[182] in cryptography@c2.net mail archive
Re: 40-bit rc2/4
daemon@ATHENA.MIT.EDU (Arnold G. Reinhold)
Thu Feb 6 14:33:38 1997
In-Reply-To: <3.0.32.19970205165952.006f0734@192.100.81.136>
Date: Thu, 6 Feb 1997 14:26:26 -0400
To: Lucky Green <shamrock@netcom.com>
From: "Arnold G. Reinhold" <reinhold@world.std.com>
Cc: cryptography@c2.net
>At 01:32 PM 2/5/97 -0800, Steve Reid wrote:
>>I don't know about RC2, but implementing an RC4 cracker in hardware is
>>said to not work very well (compared to DES, for example) because the
>>algorithm was designed to be efficient in software.
>
>It is my understanding that the authors of the RC4-in-hardware paper didn't
>have enough chip real estate to effectively work on RC4. I doubt the NSA
>has a similar problem.
>
>
A while ago, I did a back-of-the envelope design of a hardware N/128-bit
RC4 cracker using the same ASIC cells that Michael Wiener employed in his
paper, "Efficient DES Key Search." N/128-bit RC4 means RC4 with a 128 bit
random key, all but N bits of which are revealed. 40/128-bit RC4 is used in
SSL, for example. True 40 bit RC4 is MUCH weaker since you can test many
cipher text/plain text pairs for each key setup. True 40 bit RC4 is also
subject to code-book attack -- in milliseconds -- with a large, dedicated
disk farm (10,000 Gigabytes).
In my design, almost all the time goes into RC4's key setup stage
(building the 256 byte S-array) and almost all the chip real estate goes to
storing that array. I came up with a multiport memory that initializes the
S-array to [0-255] in parallel and lets the 256 permutations required to
build the S-array take place at one cycle per step. Once the S-array is
complete, most keys are rejected after a single byte of plain text and
cipher text are tested.
The size of my chip came out about the same as Wiener's DES chip, but it
requires about 259 cycles to test one key, vs. one cycle per key in
Wiener's pipelined DES design.

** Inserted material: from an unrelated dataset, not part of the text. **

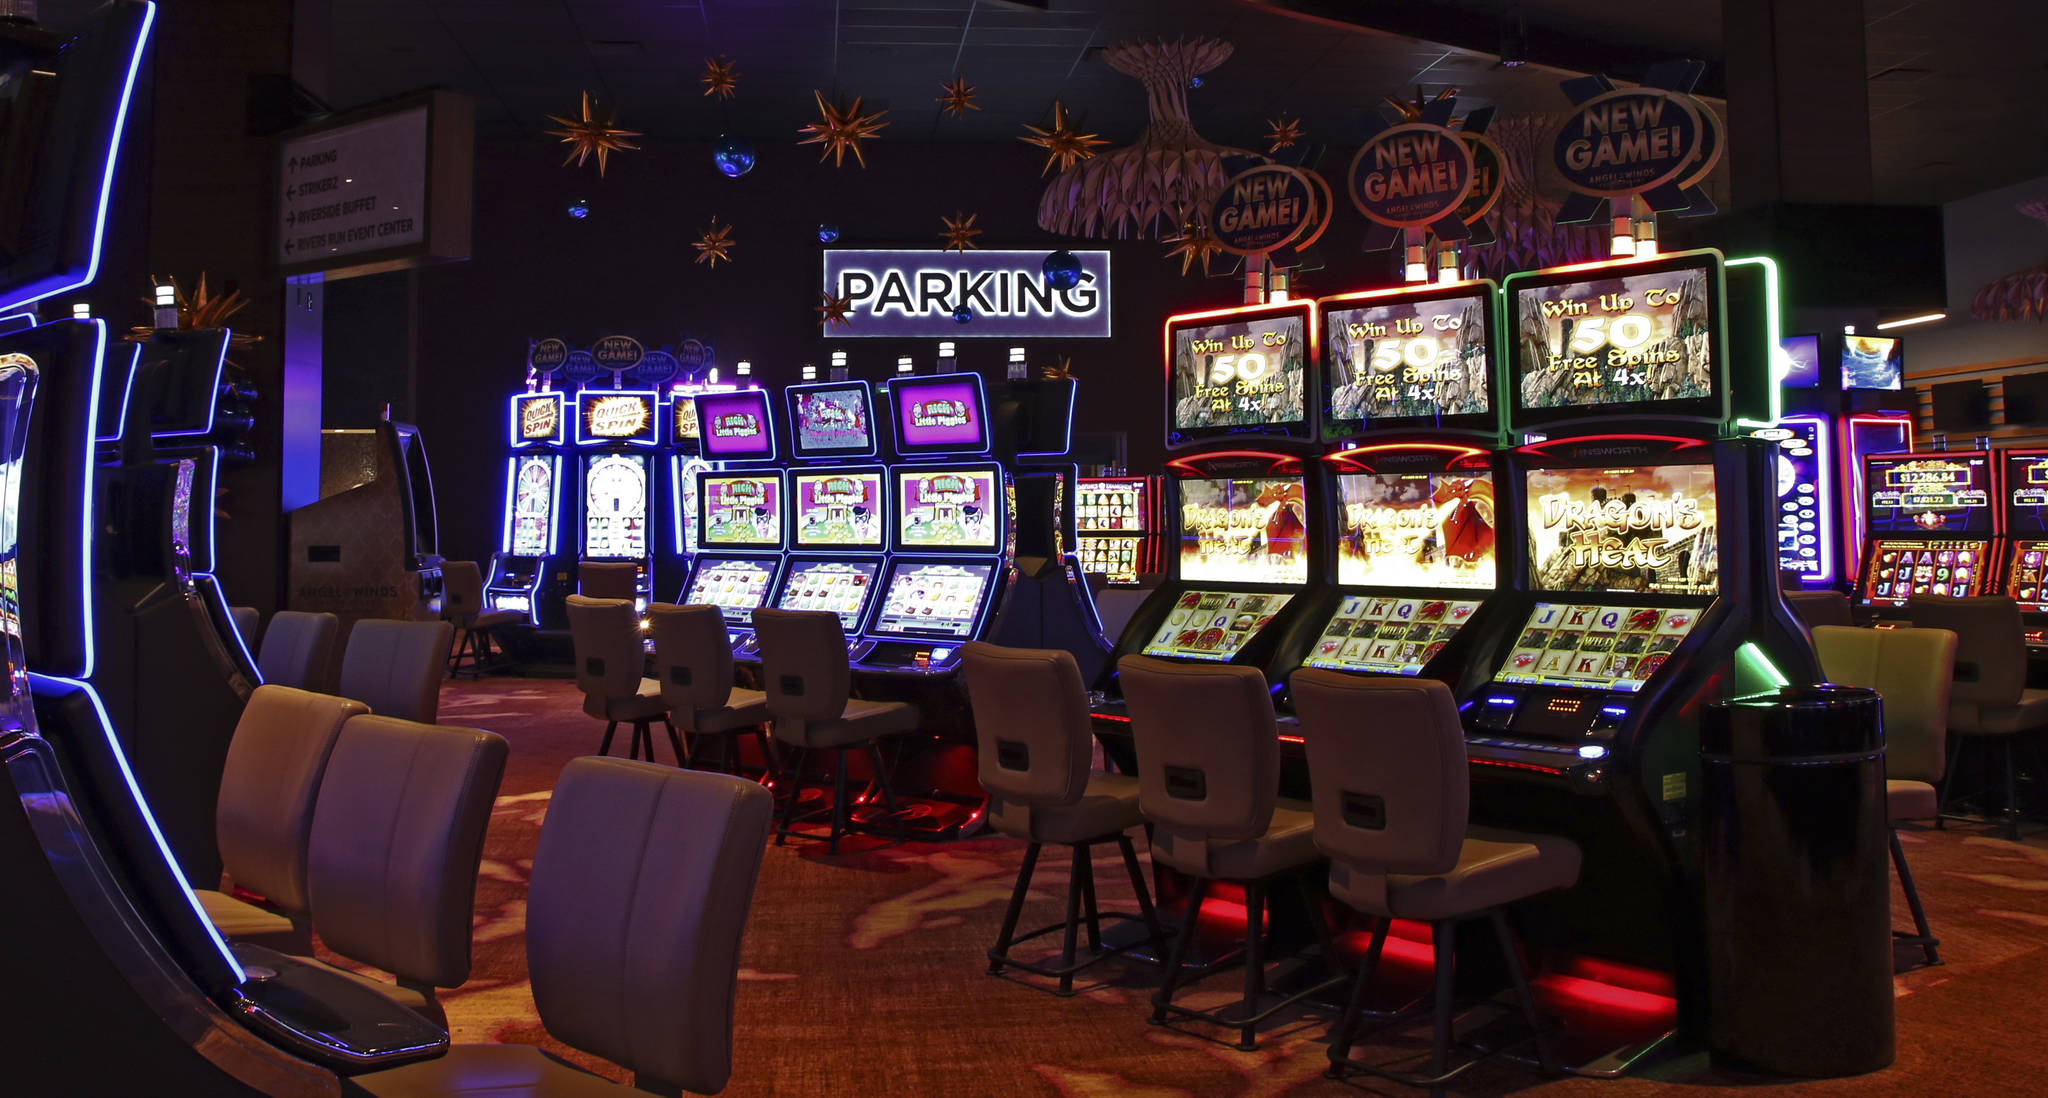 The new expanded gaming area officially opened Thursday.

This assumes comparable chip cycle times,
but I have not done any timing analysis (I am not an EE).
Therefore, I estimate that RC4 has about an 8 bit key length advantage over
DES in resistance to brute force attack using special purpose hardware.
That is, a 56 bit DES key is about as resistant as a 48/128 bit RC4 key to
exhaustive hardware key search.
By allowing 56 bit DES for export, the USG gives us a factor of 256
improvement over 40/128-bit RC4, not the 16,384 one might assume.